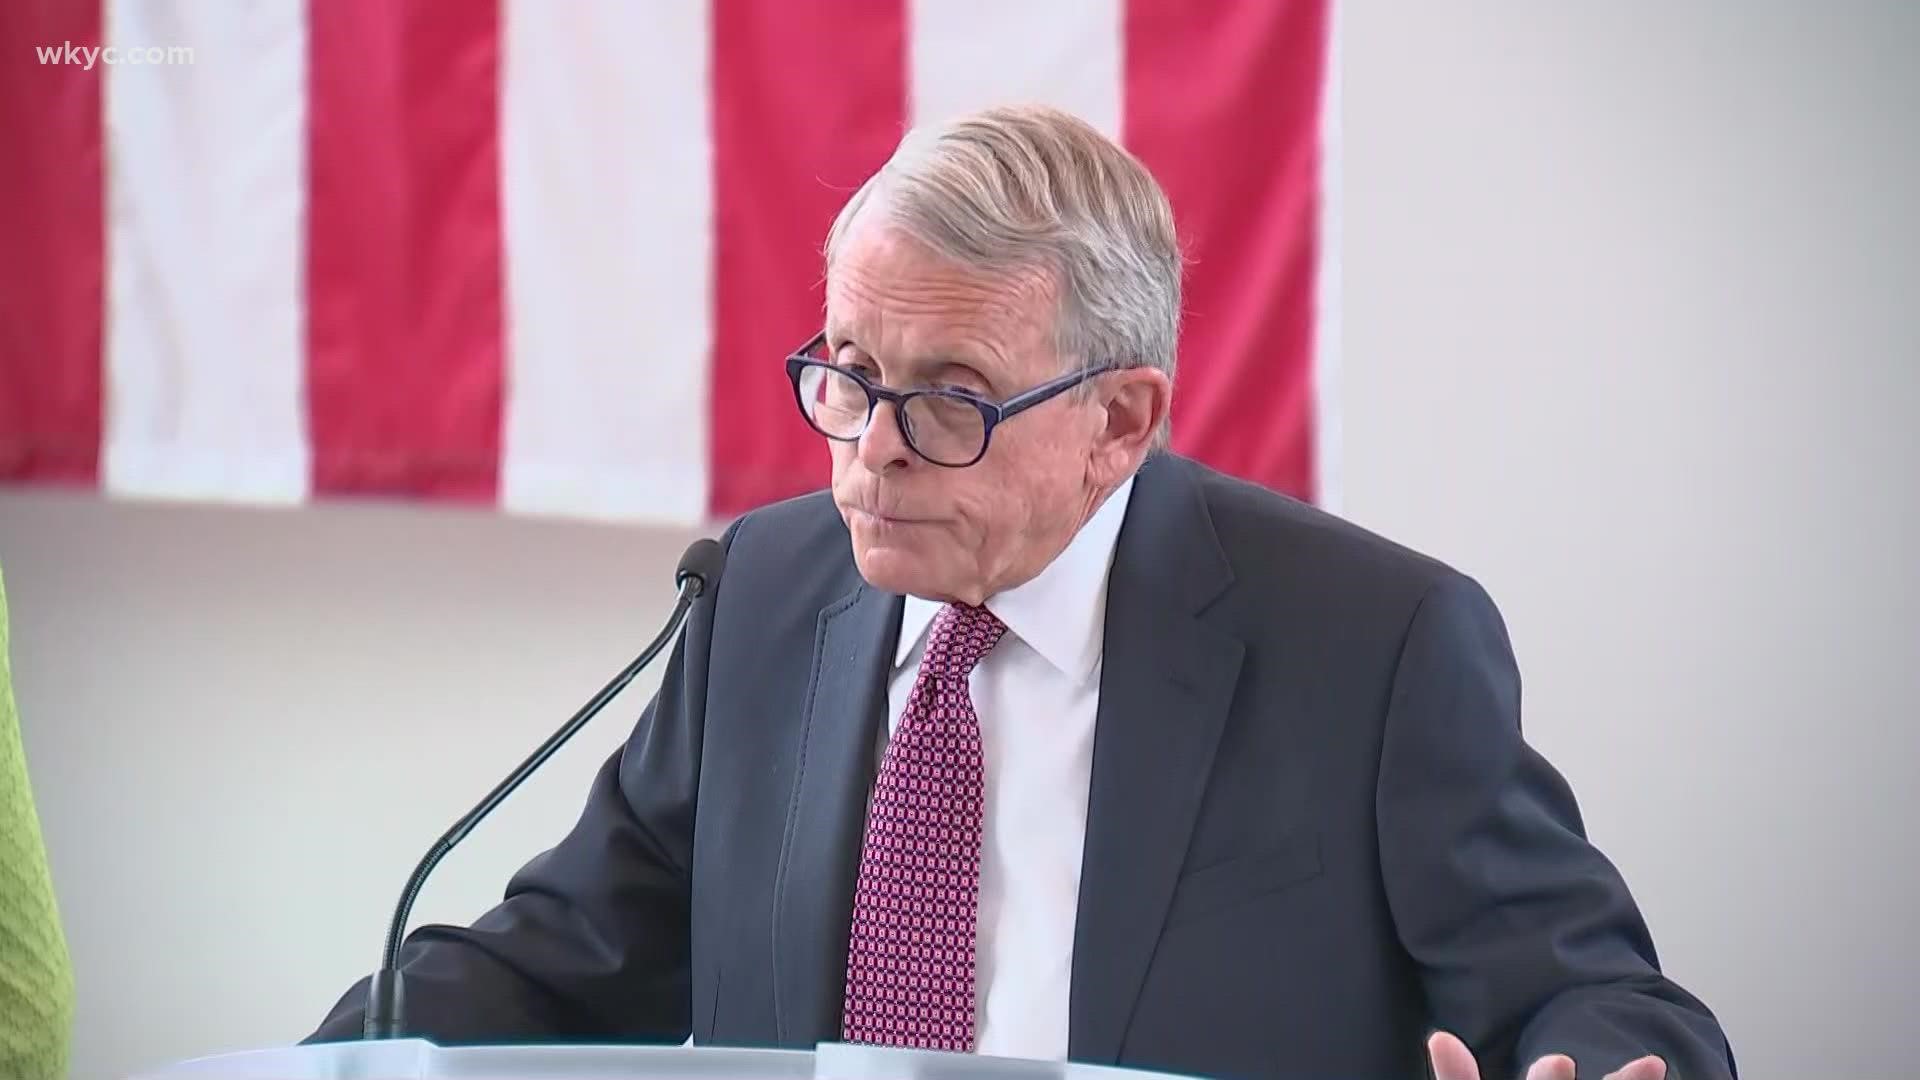 Gov. DeWine says the state has been allotted 347,000 doses in the first week once ages 5-11 are approved to get the COVID vaccine.
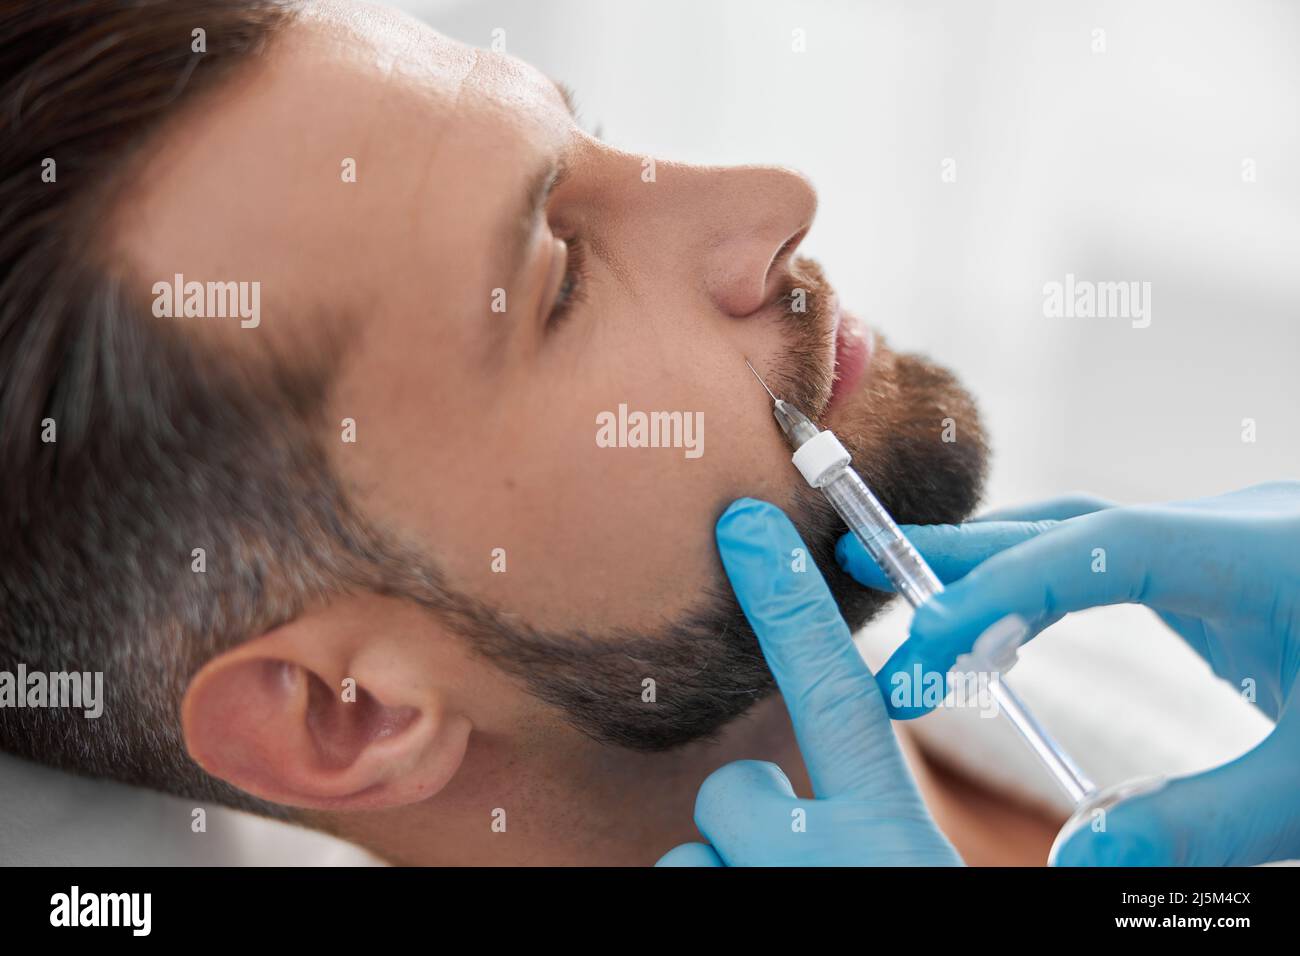 Mature person with beard undergoes nasolabial fold filler procedure with skilled beautician in salon Stock Photo
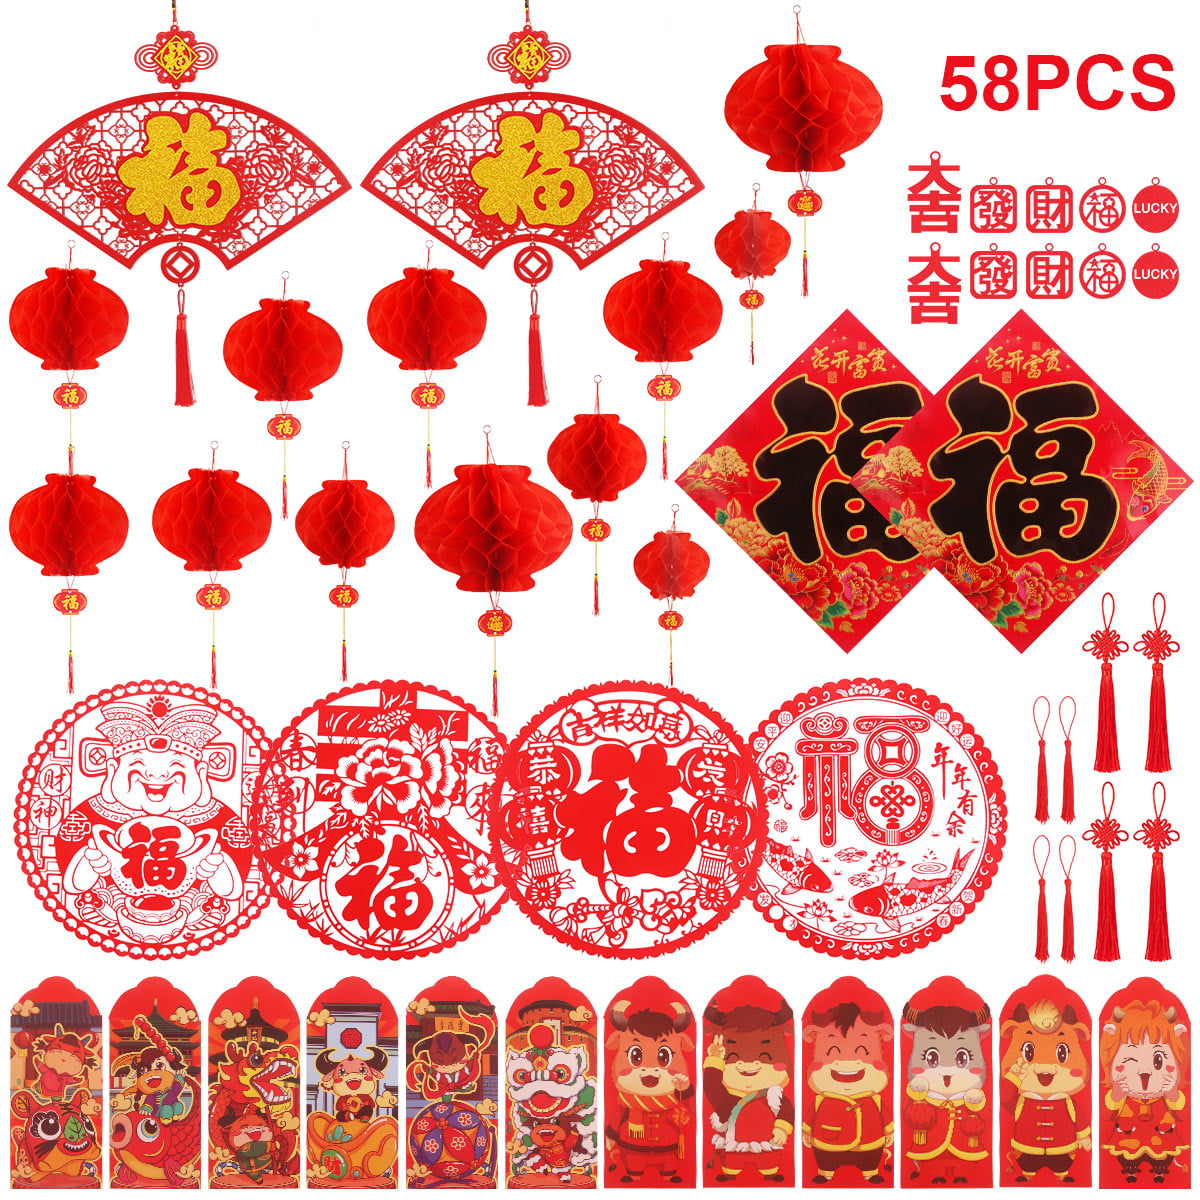 45 Pieces Chinese New Year Decor Kit Chinese Couplets Chinese Red Envelopes Hong Bao Fu Character Paper Cut Red Lantern Spring Festival Supplies Party Decoration

> EXERCISE GOAL: In transcribing the listing, keep each word as it is and drop the pictures.

> ANSWER TO THE PROBLEM:
 Gov. DeWine says the state has been allotted 347,000 doses in the first week once ages 5-11 are approved to get the COVID vaccine.
 Mature person with beard undergoes nasolabial fold filler procedure with skilled beautician in salon Stock Photo
 45 Pieces Chinese New Year Decor Kit Chinese Couplets Chinese Red Envelopes Hong Bao Fu Character Paper Cut Red Lantern Spring Festival Supplies Party Decoration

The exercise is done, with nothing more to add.